A Deep-Learning-Based Label-free No-Reference Image Quality Assessment Metric: Application in Sodium MRI Denoising
Shuaiyu Yuan, Tristan Whitmarsh, Dimitri A Kessler, Otso Arponen, Mary A McLean, Gabrielle Baxter, Frank Riemer, Aneurin J Kennerley, William J Brackenbury, Fiona J Gilbert, Joshua D Kaggie
TL;DR
This work tackles the lack of ground-truth references for evaluating sodium MRI denoising by introducing Model Specialization Metric (MSM), a label-free no-reference IQA method that leverages the degradation in DL model predictions when input data diverges from training distributions.
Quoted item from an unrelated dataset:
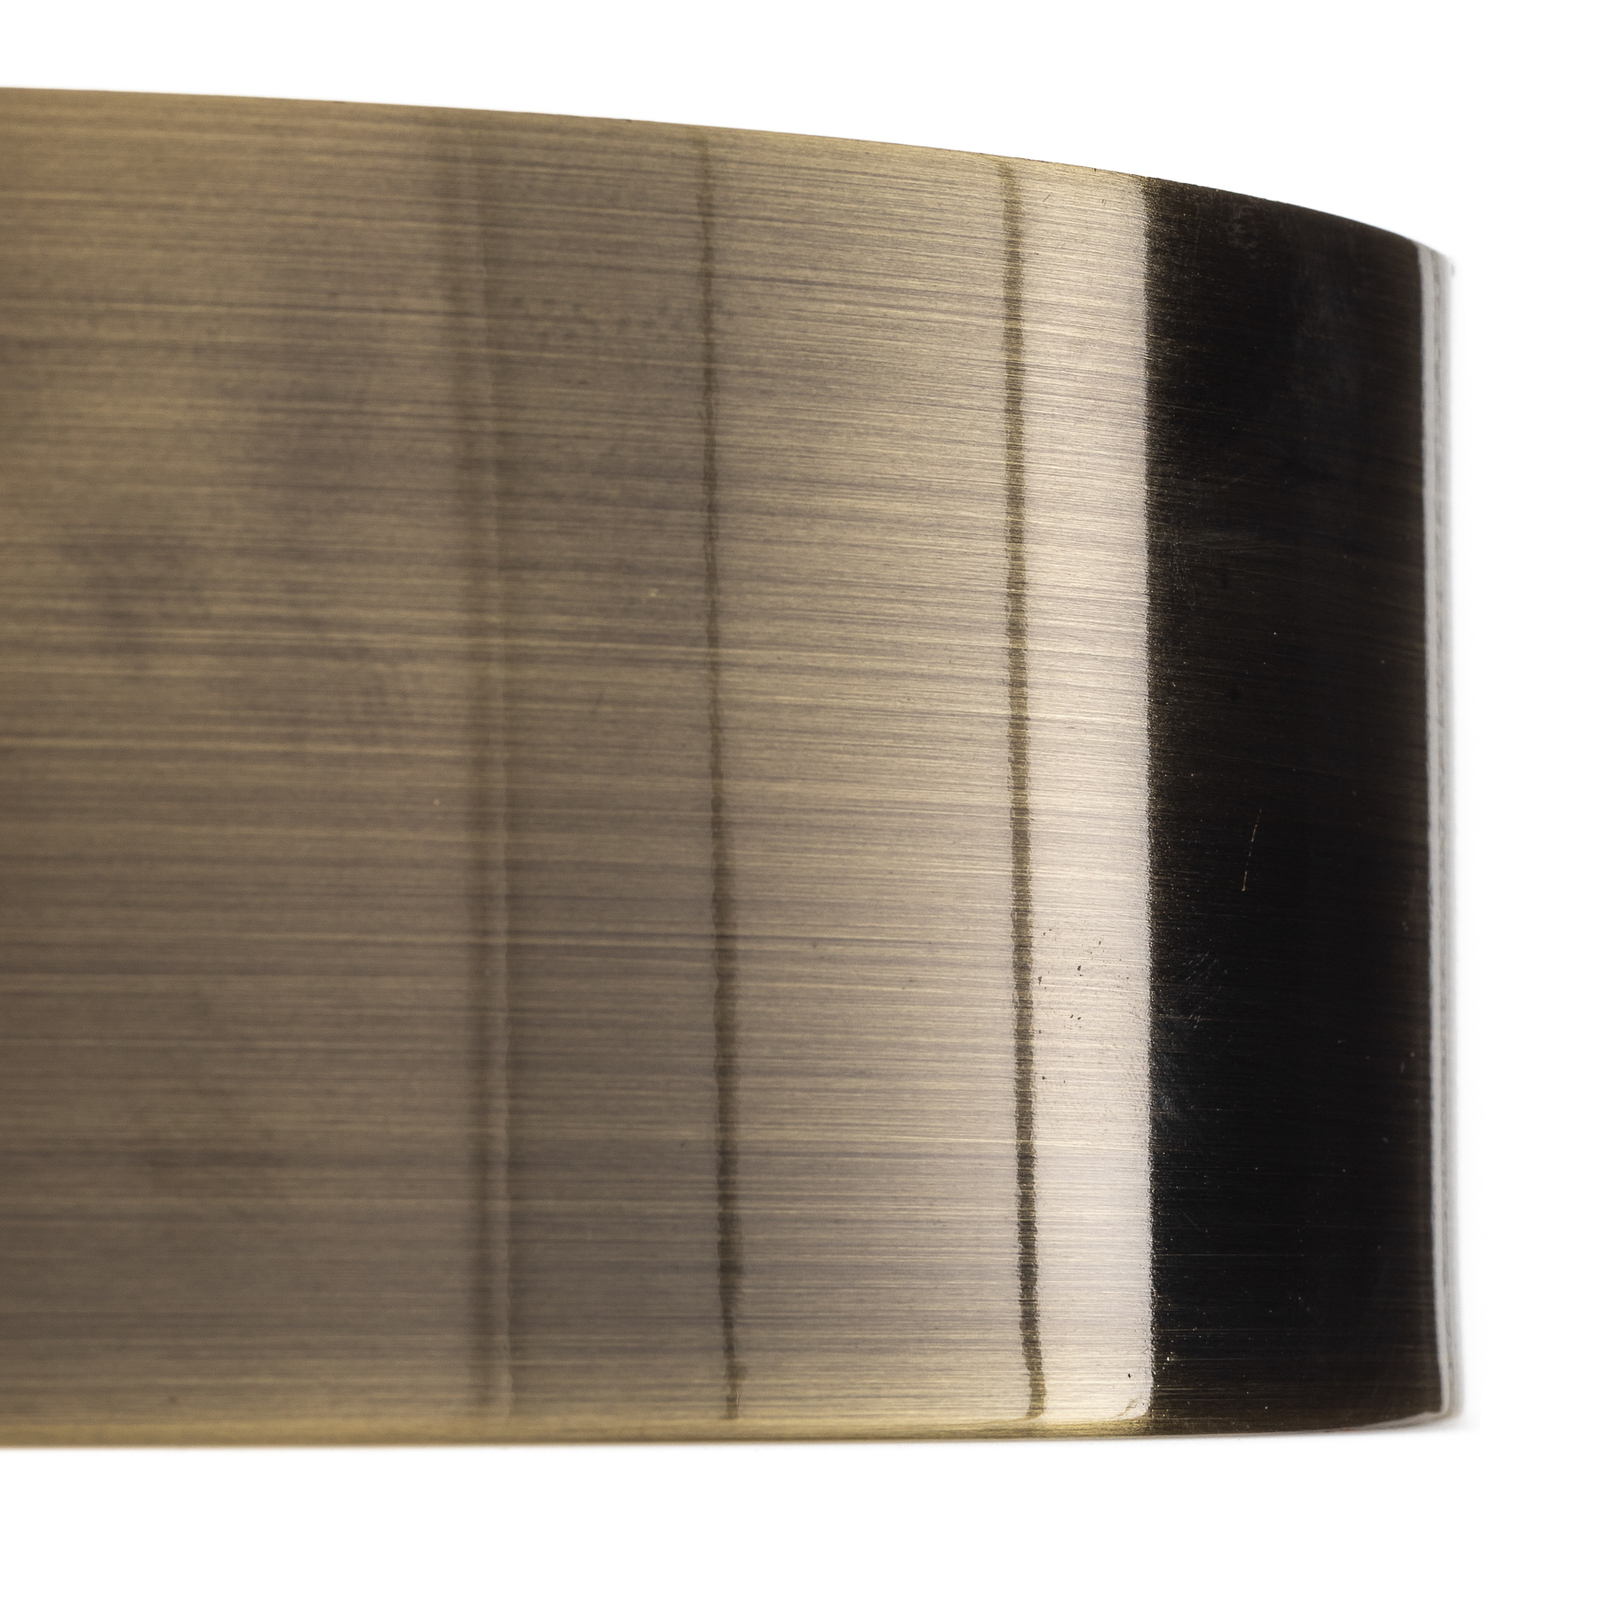 Kimban metāla griestu gaisma, Ø 26 cm, patina

MSM computes the distance between an input image and the model’s prediction, using backbones such as U-net and SwinIR, and is trained on clean images to map ground truth to itself. Across proton T$_1$w and sodium MRI datasets, MSM demonstrates competitive SRCC/PLCC performance against FR- and NR-IQA baselines and shows substantial agreement with expert judgments for denoised sodium MR images, particularly with the SwinIR backbone (average $\kappa$ ≈ 0.653). The results support MSM as a practical, ground-truth-free tool for QC of denoised sodium MRI, with implications for clinical reliability and workflow efficiency, and motivate future hybrid architectures to further improve robustness across distortions.
Abstract
New multinuclear MRI techniques, such as sodium MRI, generally suffer from low image quality due to an inherently low signal. Postprocessing methods, such as image denoising, have been developed for image enhancement. However, the assessment of these enhanced images is challenging especially considering when there is a lack of high resolution and high signal images as reference, such as in sodium MRI. No-reference Image Quality Assessment (NR-IQA) metrics are approaches to solve this problem. Existing learning-based NR-IQA metrics rely on labels derived from subjective human opinions or metrics like Signal-to-Noise Ratio (SNR), which are either time-consuming or lack accurate ground truths, resulting in unreliable assessment. We note that deep learning (DL) models have a unique characteristic in that they are specialized to a characteristic training set, meaning that deviations between the input testing data from the training data will reduce prediction accuracy. Therefore, we propose a novel DL-based NR-IQA metric, the Model Specialization Metric (MSM), which does not depend on ground-truth images or labels. MSM measures the difference between the input image and the model's prediction for evaluating the quality of the input image. Experiments conducted on both simulated distorted proton T1-weighted MR images and denoised sodium MR images demonstrate that MSM exhibits a superior evaluation performance on various simulated noises and distortions. MSM also has a substantial agreement with the expert evaluations, achieving an averaged Cohen's Kappa coefficient of 0.6528, outperforming the existing NR-IQA metrics.